Vincent J. Curtis
14 Nov 2016
Media which got everything wrong will now tell you all the
things that will happen as a result of the thing they said wouldn't happen.
Alan Dershwitz: “The One Thing Trump Will Do if He’s Smart.”
Bill Walen: Four
Takeaways from Trump’s Decision to Make Reince Priebus His Chief of Staff.
News Item: “Priebus’s first role is defending colleague
Bannon from accusations of racism, hate.”

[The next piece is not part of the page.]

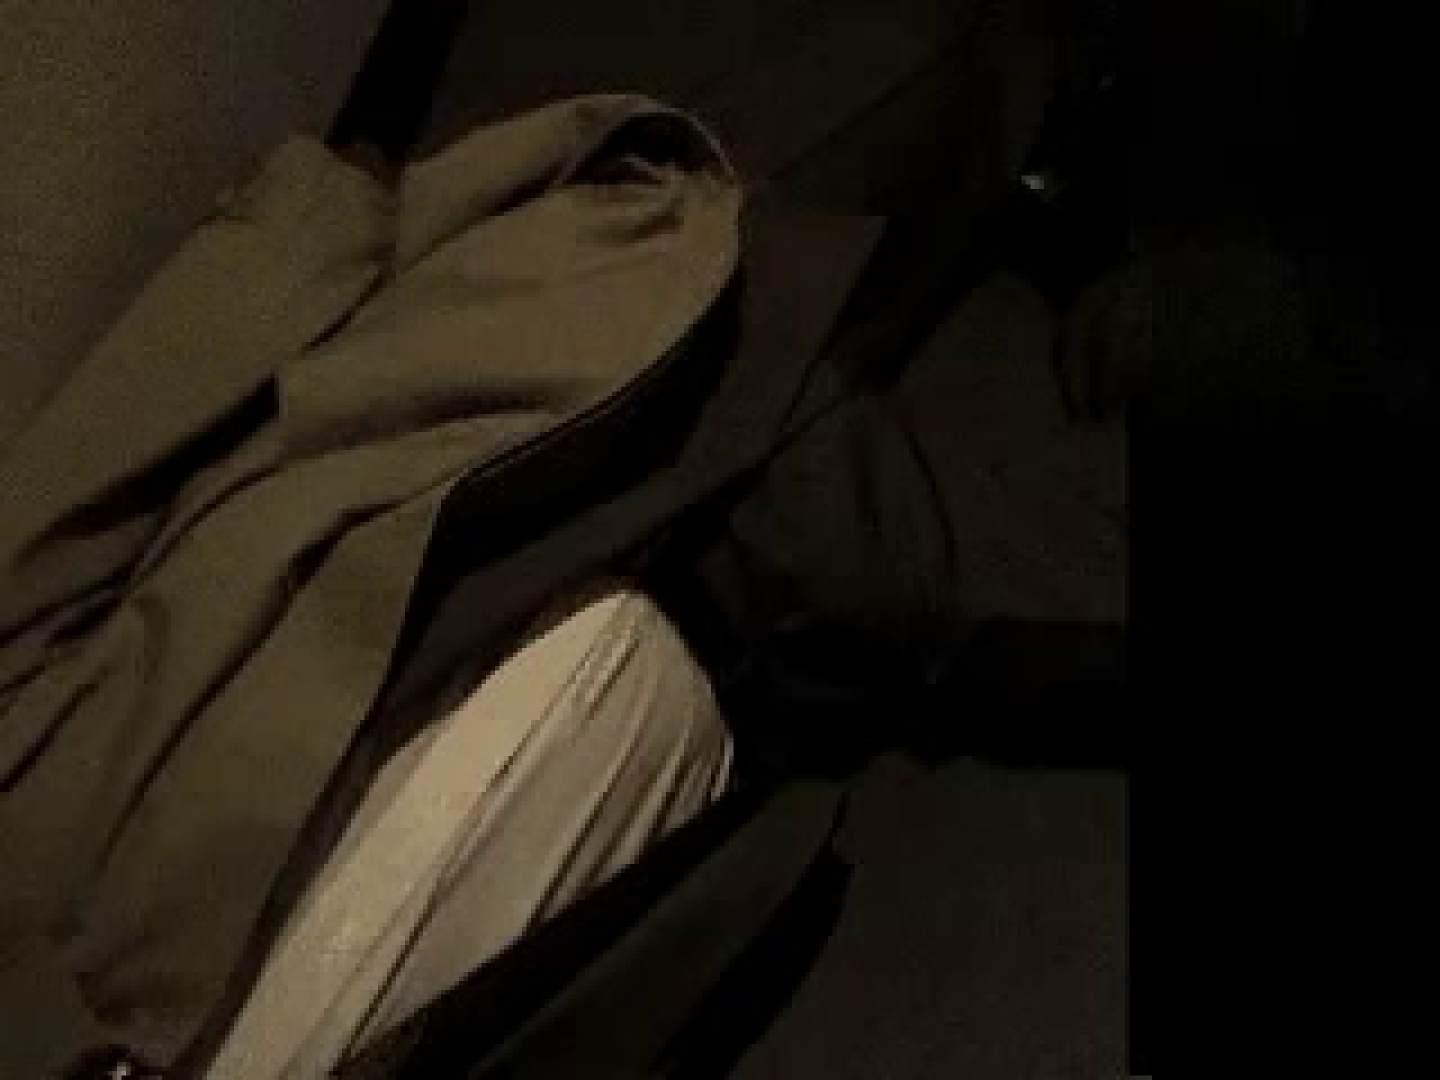 サラリーマンシングルボックスオナニー盗撮! ボーイズ覗き | リーマン系ボーイズ  88pic 66

Howard Kurtz: Media Buzz: “Can President Trump deliver on
his promises?”
News Item: “President-Elect
Trump Willing to Keep Parts of Obamacare”
News Item: Trump
Admits “There Could Be Some Fencing.”
News Item: “How Donald Trump Blew Up the Bond Market, and
Changed Everyone’s Views on Interest Rates.”
News Item: “Trump
faces backlash over appointing Steve Bannon as top aide, a choice critics say
will empower white nationalists.”
News Item: “In first
test, Trump makes big mistake”
News Item: “Reid Plans
to keep up anti-Trump barrage.”
Analysis: “How Donald
Trump won and almost all of us missed it.”
(Speak for yourself, ABC)
News Item: “Cracks are already starting to show between
Donald Trump and Republicans.”
News Item: “Trump’s Transition Team is just now learning
what a president does.”
The above is a selection of news items and opinion pieces I
picked off the web this morning. The
opening statement says it all and, with it in mind, reading the headlines of
the various stores and opinion pieces makes the authors seem ridiculous. Why media would bother themselves with what
critics say so soon after the election is not baffling. It is a sign of desperation, an attempt to
seem relevant, and effort to redeem themselves.
I don’t know why Donald Trump is giving the main stream media
the time of day. Yet, he did an
interview for the Wall Street Journal and the CBS news program “60 Minutes.” The media have advised Trump to hire Kelly
Ayotte (of all people!) to run the Department of Defense, as a means of
demonstrating an outreach to the disaffected parts of the Republican
Party. Stupid! The media learned nothing. Has it not occurred to them, that the
outreach should start from the other side?
Let’s hear Kelly Ayotte grovel a bit and admit she’s the one who made
the mistake concerning Trump.
The media commentariat have also been on Trump’s case
concerning his renewed use of Twitter.
So far as Twitter is concerned, Trump praised its valuable
use during the campaign, and said he planned to keep using it as president to
get his message out directly to the people.
We would not have known of the congratulations offered Trump by Jeb Bush
and Mitt Romney unless Trump had tweeted those facts, and media reported on the
tweets not the underlying story.
The media have a vested interest in separating Trump from
his followers. I expect news stories
fretting and worrying about Trump’s abandonment of the Special Prosecutor for
Hillary, about the Wall, about repealing and replacing Obamacare, about his use
of insiders for his transition team and cabinet when he promised to “drain the
swamp” and so forth.
For my part, I am not going to pay attention to media
reports that seem to create problems for Trump.
I’m going to let Trump take office, and hold any criticism for six
months, giving the man time to get his feet under him and begin to move on his
program.
The Affordable Care Act is going to get repealed. Repeal is psychologically necessary for
Republicans. Critics will try to portray
the replacement that keep some parts of Obamacare as a mean-spirited repeal in
name only, like retaining the same bung-hole and replacing the drum around
it. I expect insurance for those with
pre-existing conditions will find a place in the replacement, but the
individual mandate will be gone.
Medicare is going to have to be fixed, and I hope to see tort-reform as
part of the insurance package.
I expect that by March, 2017, Hillary’s fate will be
determined, at least insofar as the emails are concerned. The pay-for-play business of the Clinton
Foundation is an entirely separate matter, and she is not cleared of that. I pay no attention to Trump’s soothing words
at the moment concerning Hillary. He is
committed to nothing, and there will be the problem of equal justice for all if
he lets Hillary's known email crimes go uninvestigated.
I would like to see Trump nominate Ted Cruz as Justice
Scalia’s replacement on the Supreme Court.
Cruz is not on Trump’s original list, but who would be a more
Scalia-like justice? Regardless, Trump
is not going to let us down on that score.